С нежным юмором изображает автор своих «святых чудаков». Царство блаженных – синие озера, отмели, островки, заросли камышей; там в шалашах сидят отшельники и закидывают в воду длинные удочки; Адам и Ева гуляют по колено в воде вдоль отмелей. Старичок – святой ходит по берегу, колотя в небесную колотушку; среди камышей сидит блаженный простачок Ава с веселым морщинистым лицом и ловит на удочку водяную благодать. А кругом растут белоснежные цветы забвения, лотосы, касатики; летают красные фламинго; в белом тумане проходят белые мужчины и женщины в венках из белых роз.

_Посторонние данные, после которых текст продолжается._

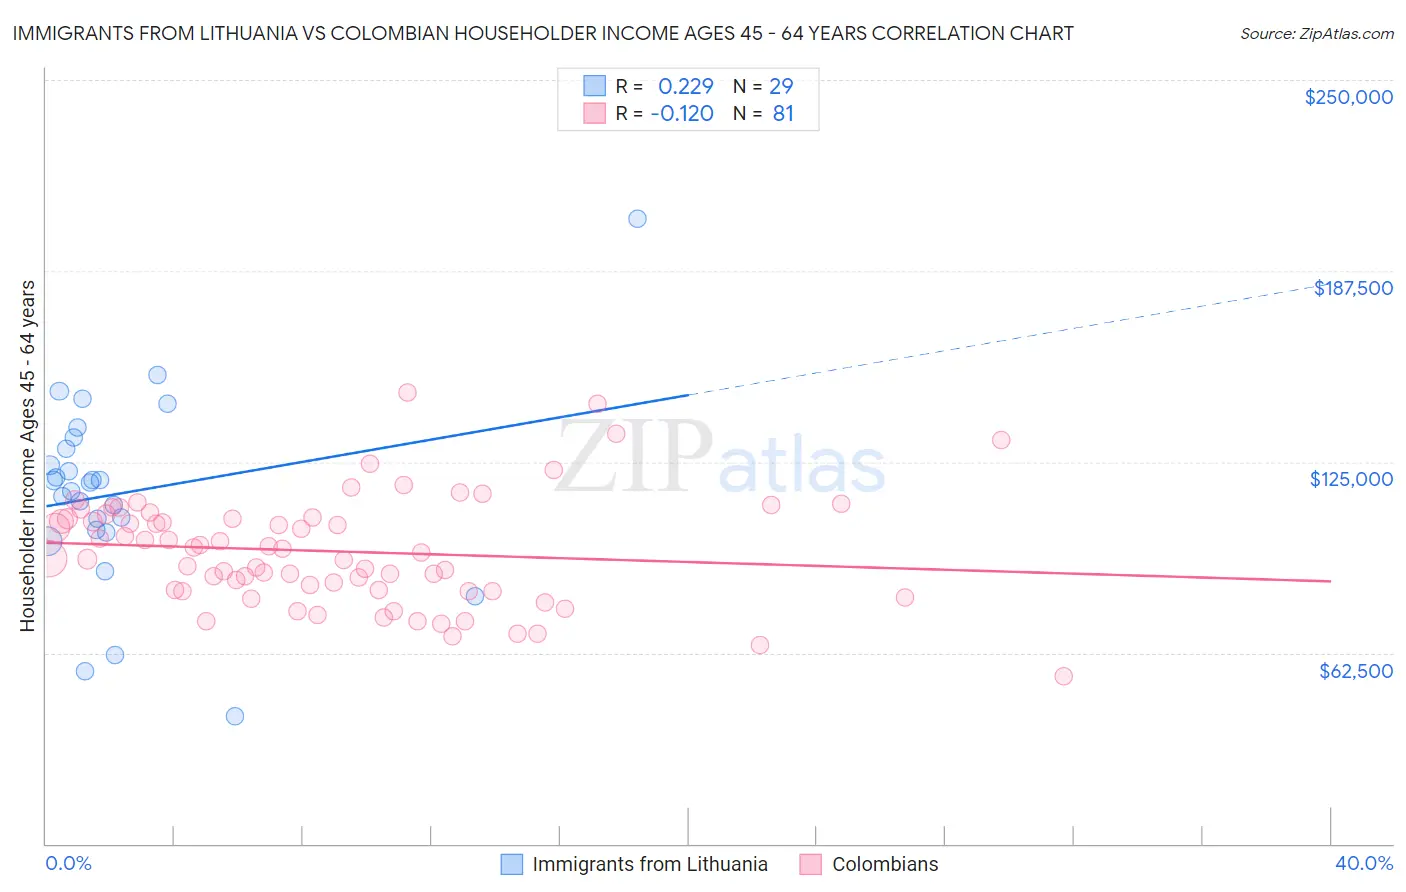 Immigrants from Lithuania vs Colombian Householder Income Ages 45 - 64 years

На вечерней заре сам Господь Бог, весь окутанный туманом, шествует вдоль зарослей синих касатиков.

Бывшая королевна, теперь святая, сидит на островке и смотрит вдаль; к острову подплывает утопленник; королевна узнает своего верного рыцаря, «утонувшего в бездне безвременья»; она ведет его в свое камышовое жилище, и они живут «в сонной сказке». Вокруг них ликуют блаженные.

«Веселились. Не танцевали, а взлётывали в изящных, междупланетных аккордах».

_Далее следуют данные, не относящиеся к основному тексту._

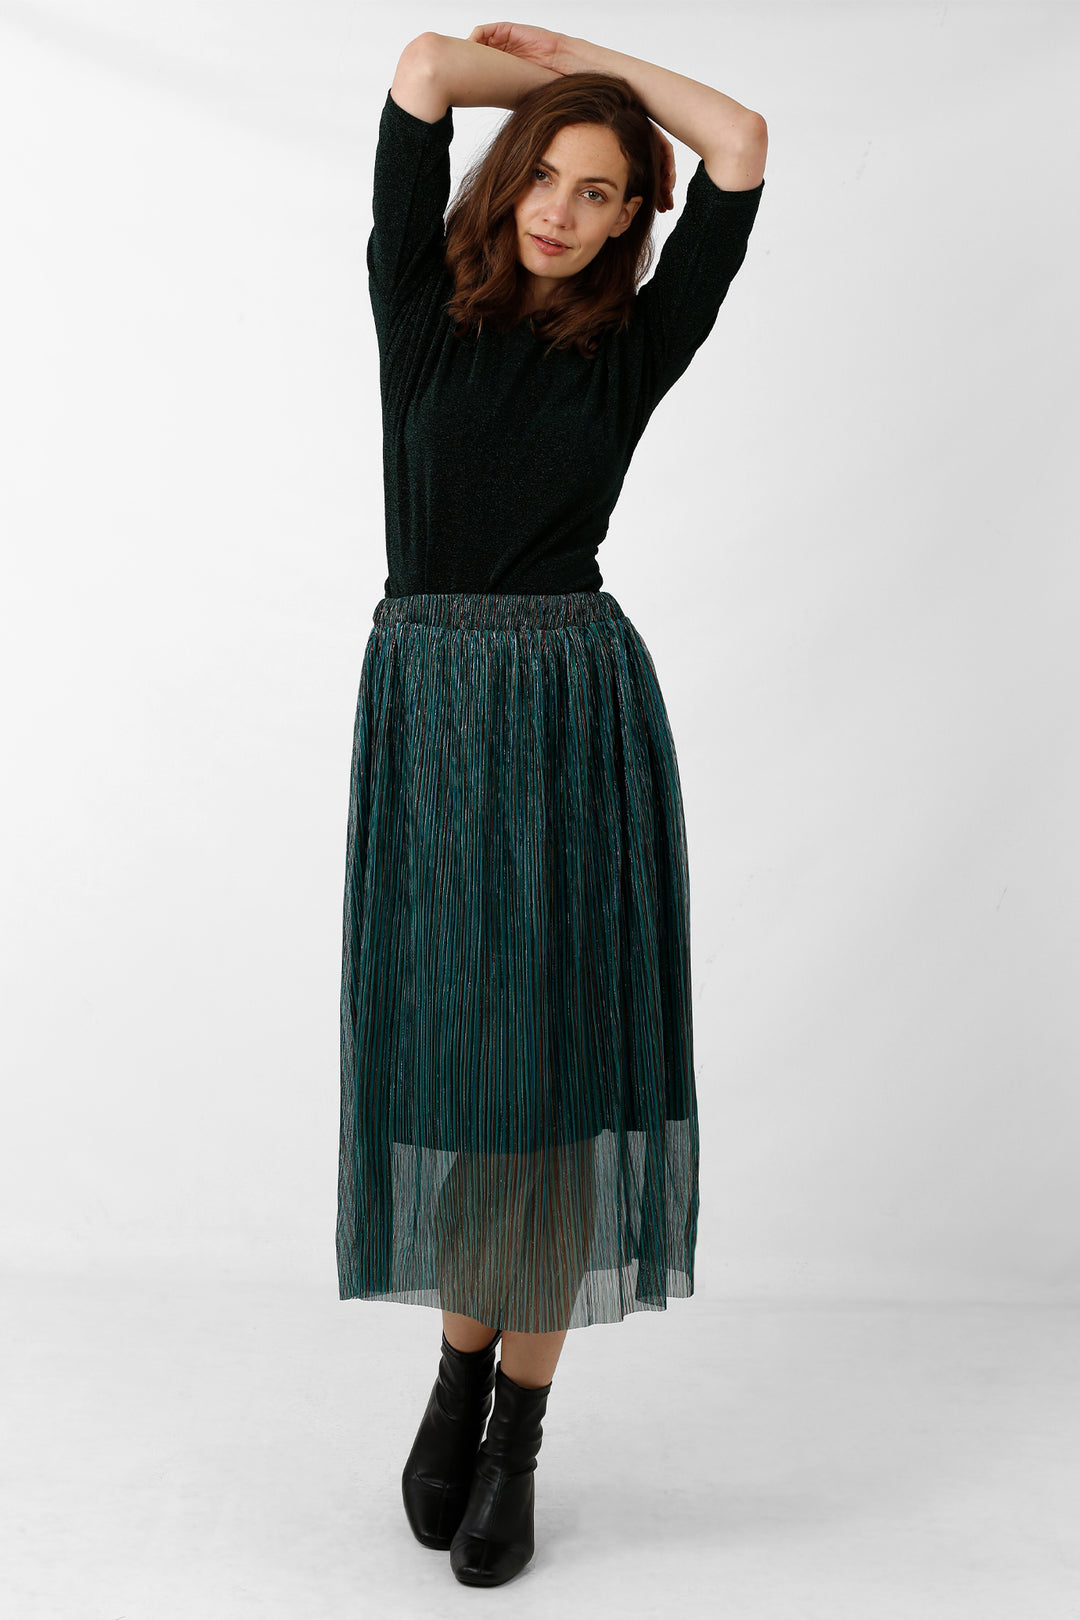 Green Striped Pleated Skirt

Этот причудливый сплав библейского рая с языческой Летой увенчивается – довольно неожиданно – наступлением Царства Духа.

 
Наставница этих мест говорит:
Настанет день нашего вознесения:
И меркнет счастье сумерек пред новым, третьим счастьем
              Духа Утешителя.
Старик, живущий на озере, пробуждается на заре, всходит
              на косматый утес и ударяет в серебряный колокол.
Это был знак того, что с востока уже блеснула звезда
              Утренницы.
Денница.
Ударил серебряный колокол.
 

Поэма Белого – рождение символизма. Новое чувство жизни, новое «настроение». Иначе светят зори, по-другому пахнет воздух.

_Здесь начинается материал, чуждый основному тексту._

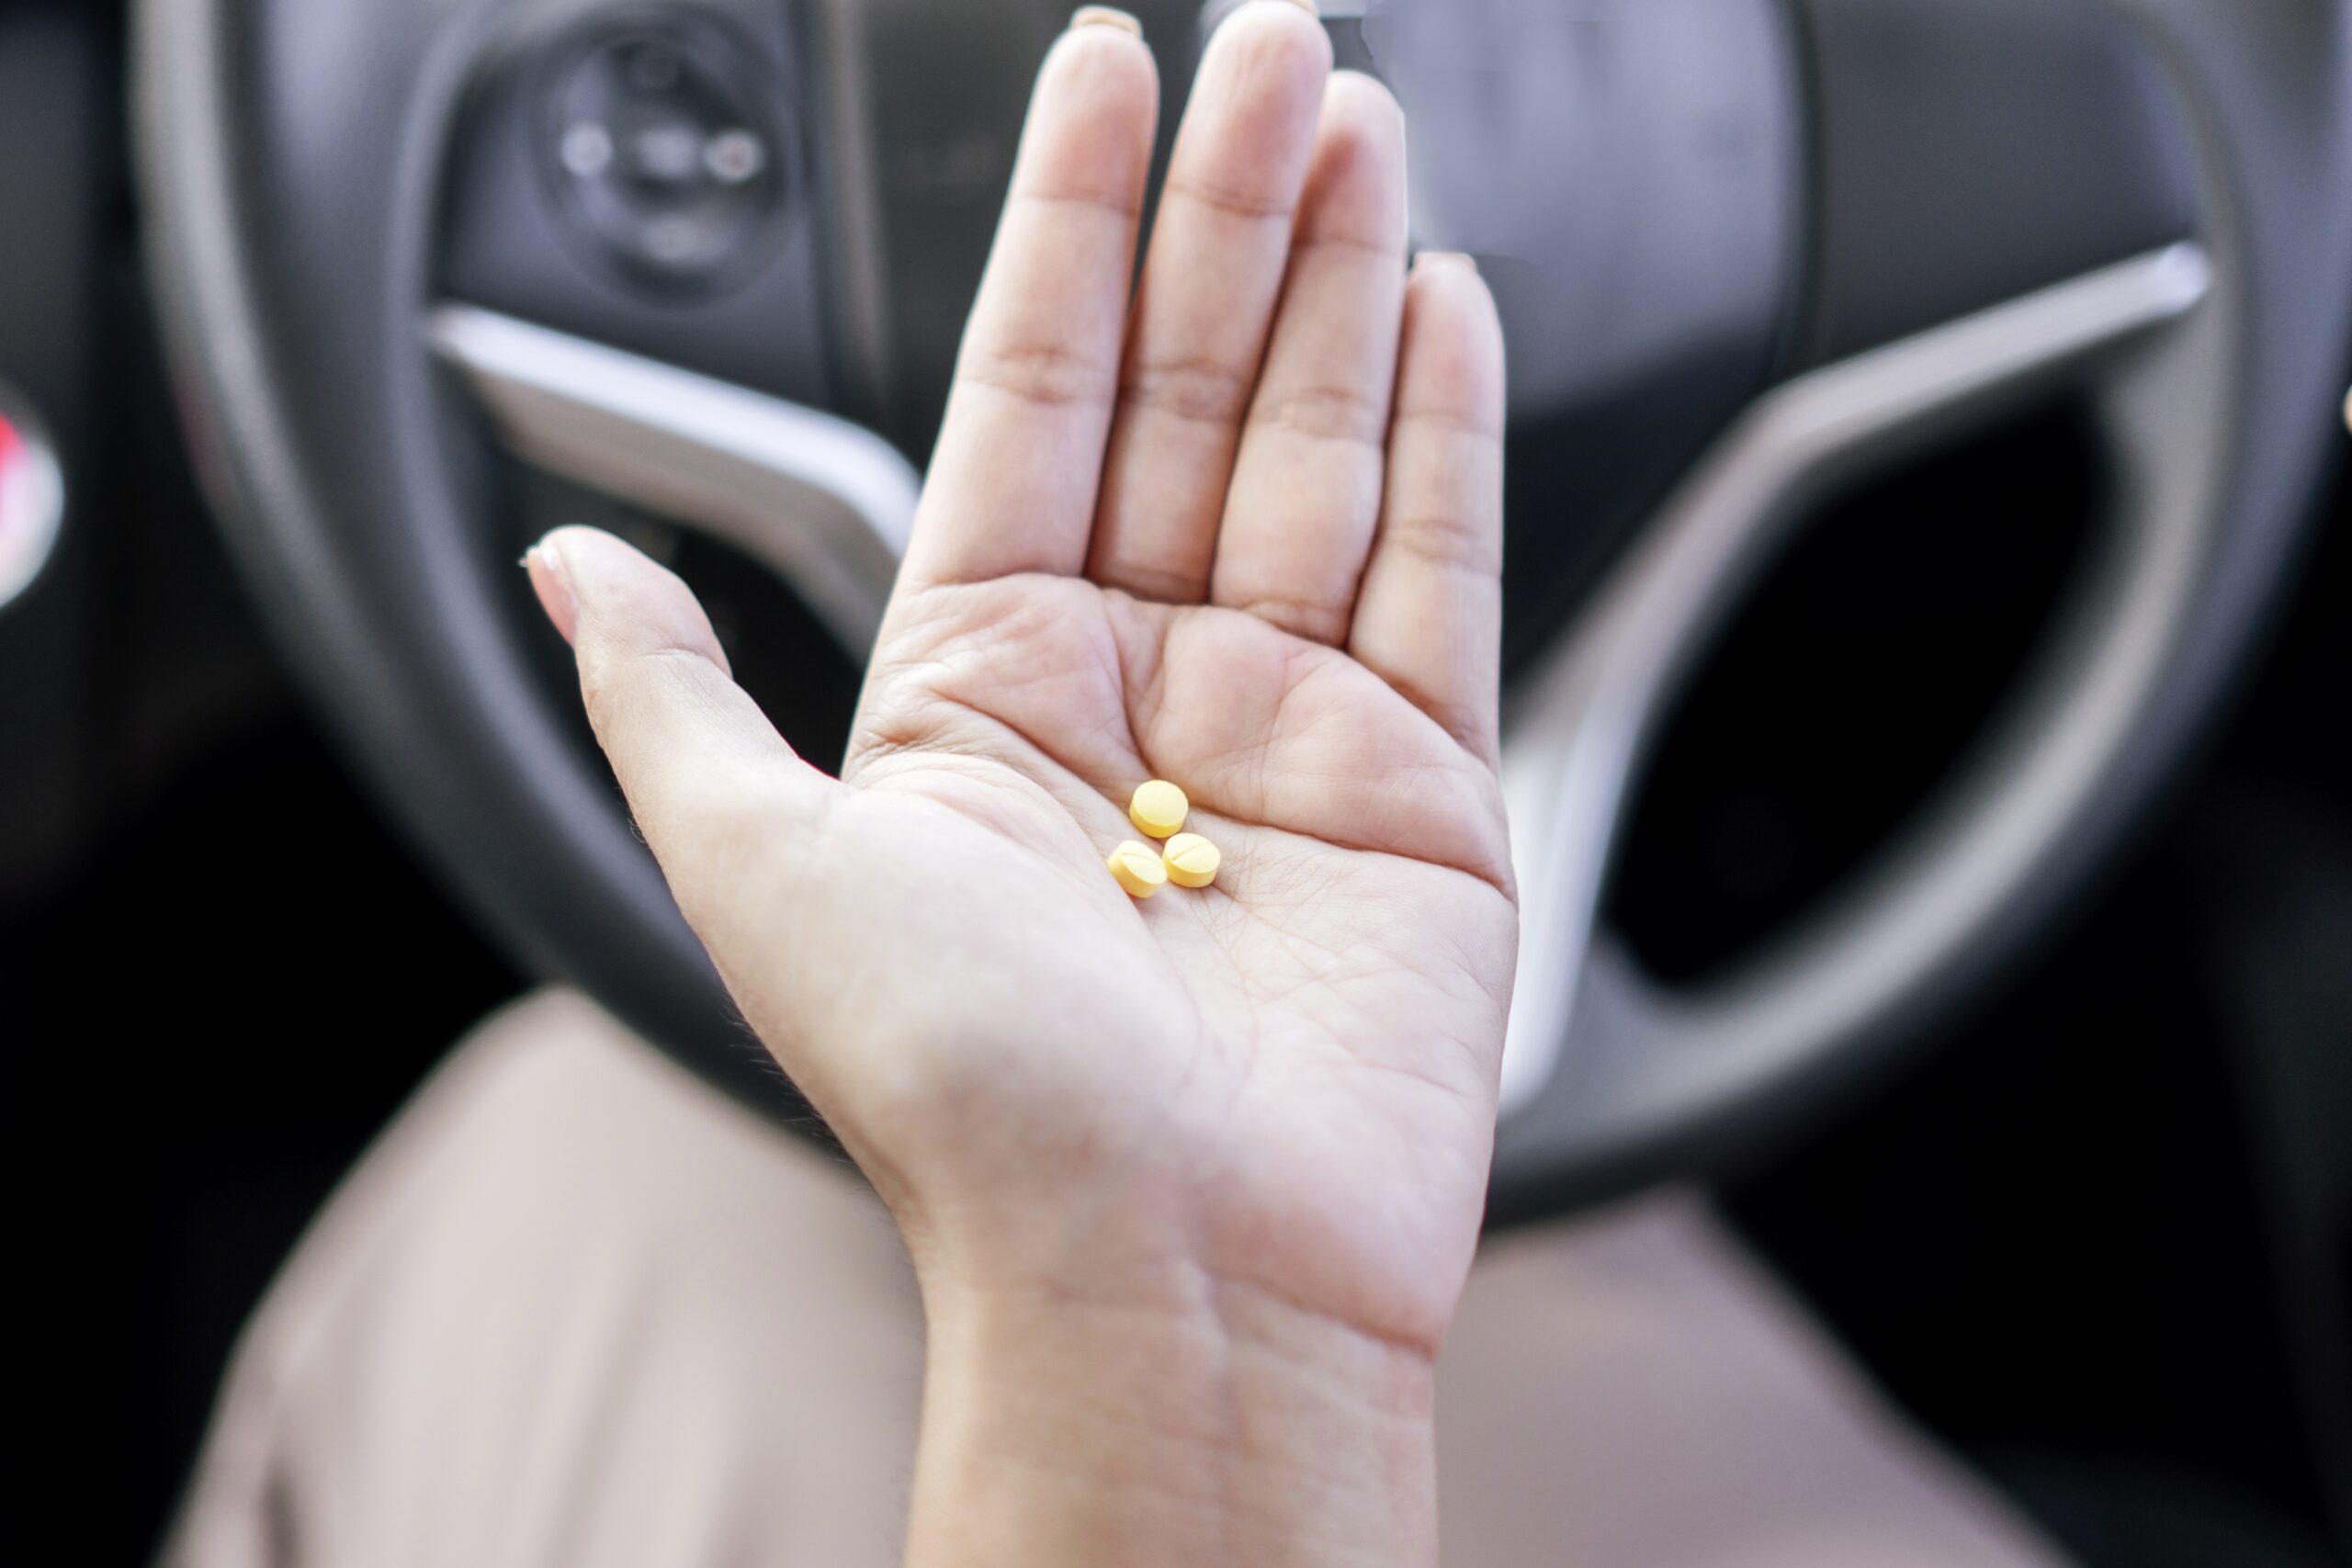 Texas woman behind the wheel of a car with prescription drugs in her hands.

«Северная симфония» пролежала в рукописи три года. Она вышла в свет в издании «Скорпион» во второй половине 1903 года, через год после появления «Второй симфонии».

Глава 2
1900–1903 uоды

Весной 1900 года в семье Михаила Сергеевича Соловьева Белый познакомился с философом Владимиром Соловьевым; у них был «значительный разговор», и они условились встретиться после лета. Но в июле Вл. Соловьев скончался. В доме Михаила Сергеевича был настоящий культ покойного философа. «1901 год, – пишет Белый, – для меня и Сережи прошел под знаком соловьевской поэзии». Певец Вечной Женственности сыграл огромную роль в его жизни: «мистическая заря» начала нового века навсегда связалась для него с именем Соловьева. «Заря столетия, – продолжает Белый, – была для меня цветением надежд, годом совершеннолетия, личных удач, окрепшего здоровья, первой любви, новых знакомств, определивших будущее, годом написания „Симфонии“ и рождения к жизни „Андрея Белого“». На крыше университетской лаборатории, в перерывах между занятиями, собираются студенты: Борис Бугаев, В.В. Владимиров, А.П. Печковский. Все они увлечены новым искусством, поэзией, мистикой. Ведутся бурные споры, вырабатывается особый язык – странных метафор, афоризмов, условных словечек. С крыши лаборатории друзья спускаются вниз – гулять по Москве, в окрестностях Новодевичьего монастыря, пугая прохожих стремительным галопом кентавров в духе «Северной симфонии». Об этом «театре для себя» молодых символистов упоминает в своем дневнике Брюсов. «Бугаев заходил ко мне несколько раз, – записывает он в 1903 году. – Мы много говорили. Конечно, о Христе, Христовом чувстве… Потом о кентаврах, силенах, об их быте. Рассказывал, как ходил искать кентавров за Девичий монастырь, по ту сторону Москвы-реки. Как единорог ходил по его комнате. Потом А. Белый разослал знакомым карточки (визитные) будто бы от единорогов, силенов, etc. Сам Белый смутился и стал уверять, что это „шутка“. Но прежде для него это было не шуткой, а желанием создать атмосферу – делать все так, как если бы единороги существовали».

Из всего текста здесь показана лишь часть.